The test procedure for IL or TIL was performed in compliance with the European Standard by using the sodium chloride (NaCl) method (EN 13274-1, 2001). Before testing each test subject was asked ‘Does the device fit?’ and if the answer was ‘Yes’ the test was continued. If not, the subject was told to adjust the respirator, and this could be repeated several times. Each subject was subjected to testing for all 13 masks one by one.
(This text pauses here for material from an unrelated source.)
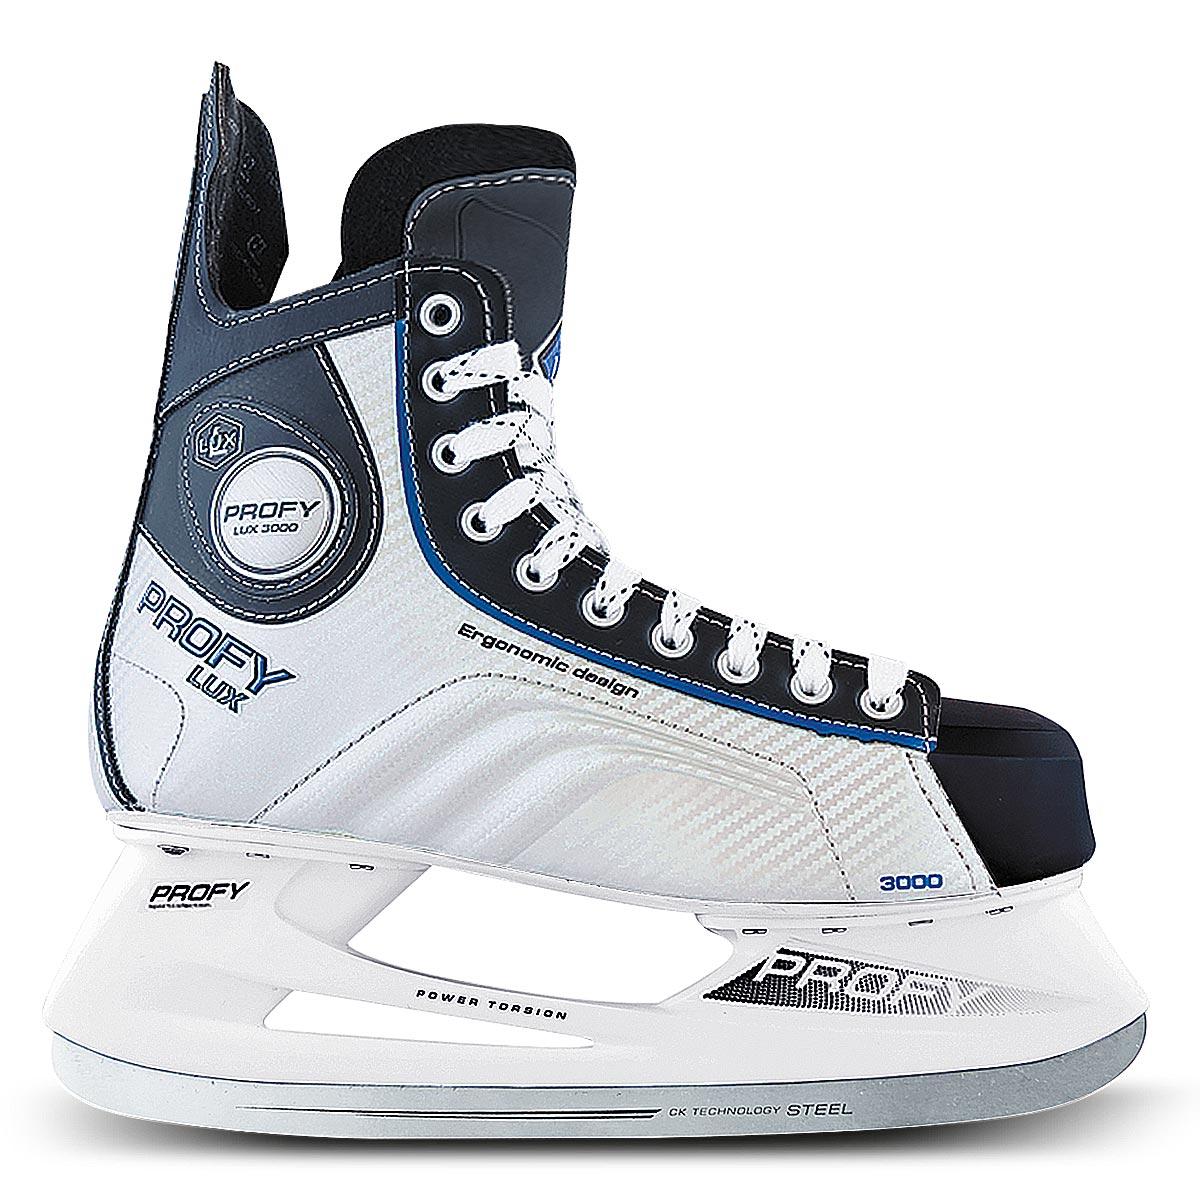 Коньки хоккейные мужские СК Profy Lux 3000, цвет: черный, серебряный, синий. Размер 40Atemi Force 3.0 2012 Black-GrayКоньки хоккейные мужские СК Profy Lux 3000 прекрасно подойдут для профессиональных игроков в хоккей. Ботинок выполнен из морозоустойчивой искусственной кожи и специального резистентного ПВХ, а язычок - из двухслойного войлока и искусственной кожи. Слоевая композитная технология позволила изготовить ботинок, полностью обволакивающий ногу. Это обеспечивает прочную и удобную фиксацию ноги, повышает защиту от ударов. Ботинок изготовлен с учетом антропометрии стоп россиян, что обеспечивает комфорт и устойчивость ноги, правильное распределение нагрузки, сильно снижает травмоопасность. Конструкция носка ботинка, изготовленного из ударопрочного энергопоглощающего термопластичного полиуретана Hytrel® (DuPont), обеспечивает увеличенную надежность защиты передней части ступни от ударов. Усиленные боковины ботинка из формованного PVC укрепляют боковую часть ботинка и дополнительно защищают ступню от ударов за счет поглощения энергии. Тип застежки ботинок – классическая шнуровка. Стелька из упругого пенного полимерного материала EVA гарантирует комфортное положение ноги в ботинке, обеспечивает быструю адаптацию ботинка к индивидуальным формам ноги, не теряет упругости при изменении температуры и не разрушается от воздействия пота и влаги. Легкая прочная низкопрофильная полимерная подошва инжекционного формования практически без потерь передает энергию от толчка ноги к лезвию – быстрее набор скорости, резче повороты и остановки, острее чувство льда. Лезвие из нержавеющей стали 420J обеспечит превосходное скольжение.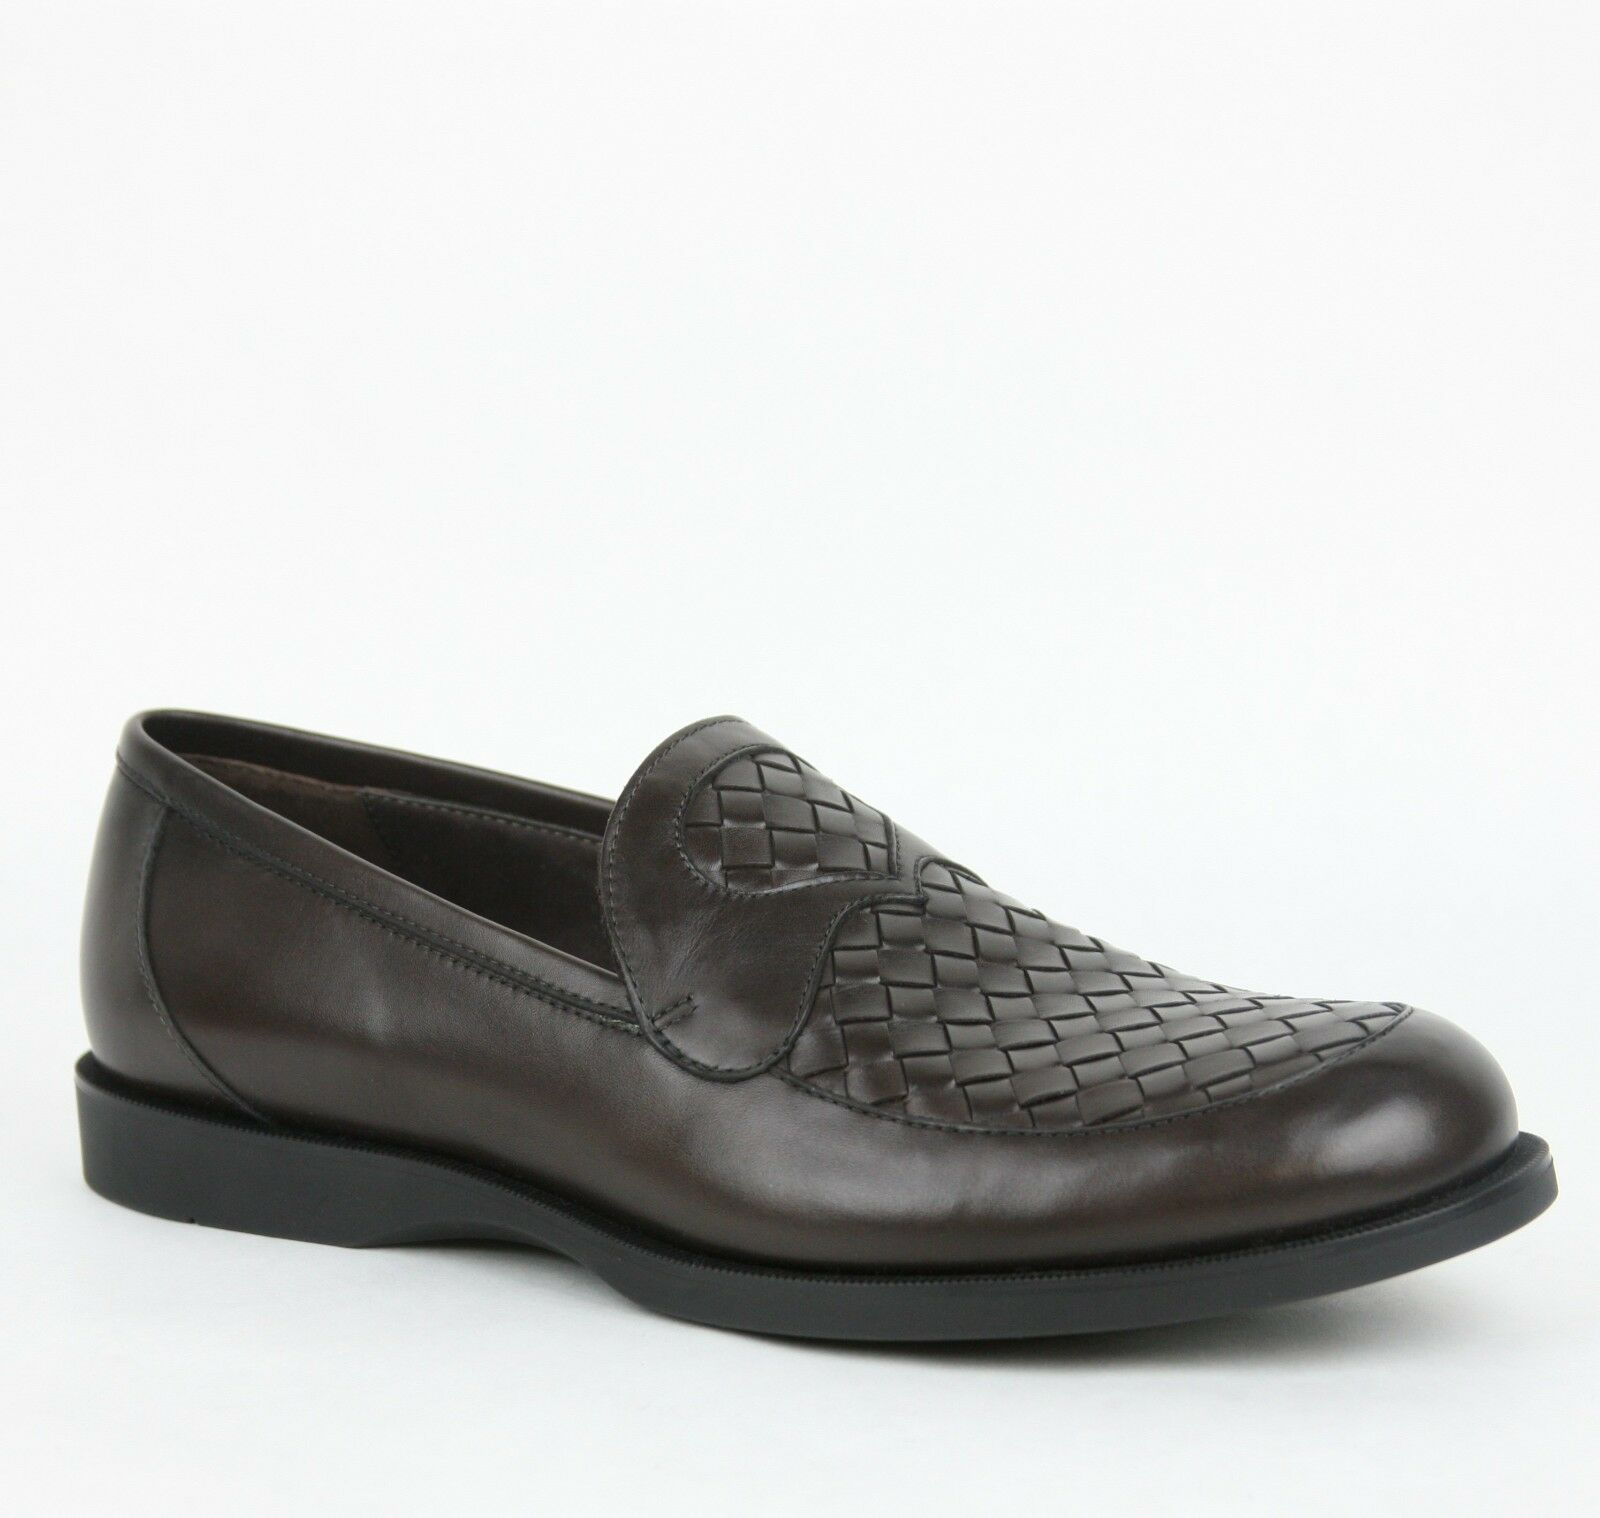 740 New Bottega Veneta Mens Dk Brown Woven Leather Loafer Moccasin 285660 2006 c69af2

Five test exercise periods were fulfilled, such as a first walking period with normal breathing (NB1), side to side (SS), up and down (UD), talking (T) and a second walking period with normal breathing (NB2); each exercise period spanned 2 min and was performed on the treadmill at the speed of6 km h–1.
Standard levels of IL and TIL in Korea
There are three categories of filtering facepieces in Korea, the top class (highest level of filtering efficiency, 
99.0%), 1st class (second highest level of filtering efficiency, 94.0%) and 2nd class (low level of filtering efficiency, 80.0%). Standard levels of IL and TIL in Korea are similar to those of European countries. For example, in the case of the half mask, at least 46 out of 50 individual results over each of the exercise periods (i.e. 10 subjects x 5 exercise periods) shall be not >5%, and in addition at least 8 out of the 10 individual wearer arithmetic means over all exercise periods shall be not >2%. Table 1 shows standard levels of IL or TIL in Korea with each classification of particulate filtering masks.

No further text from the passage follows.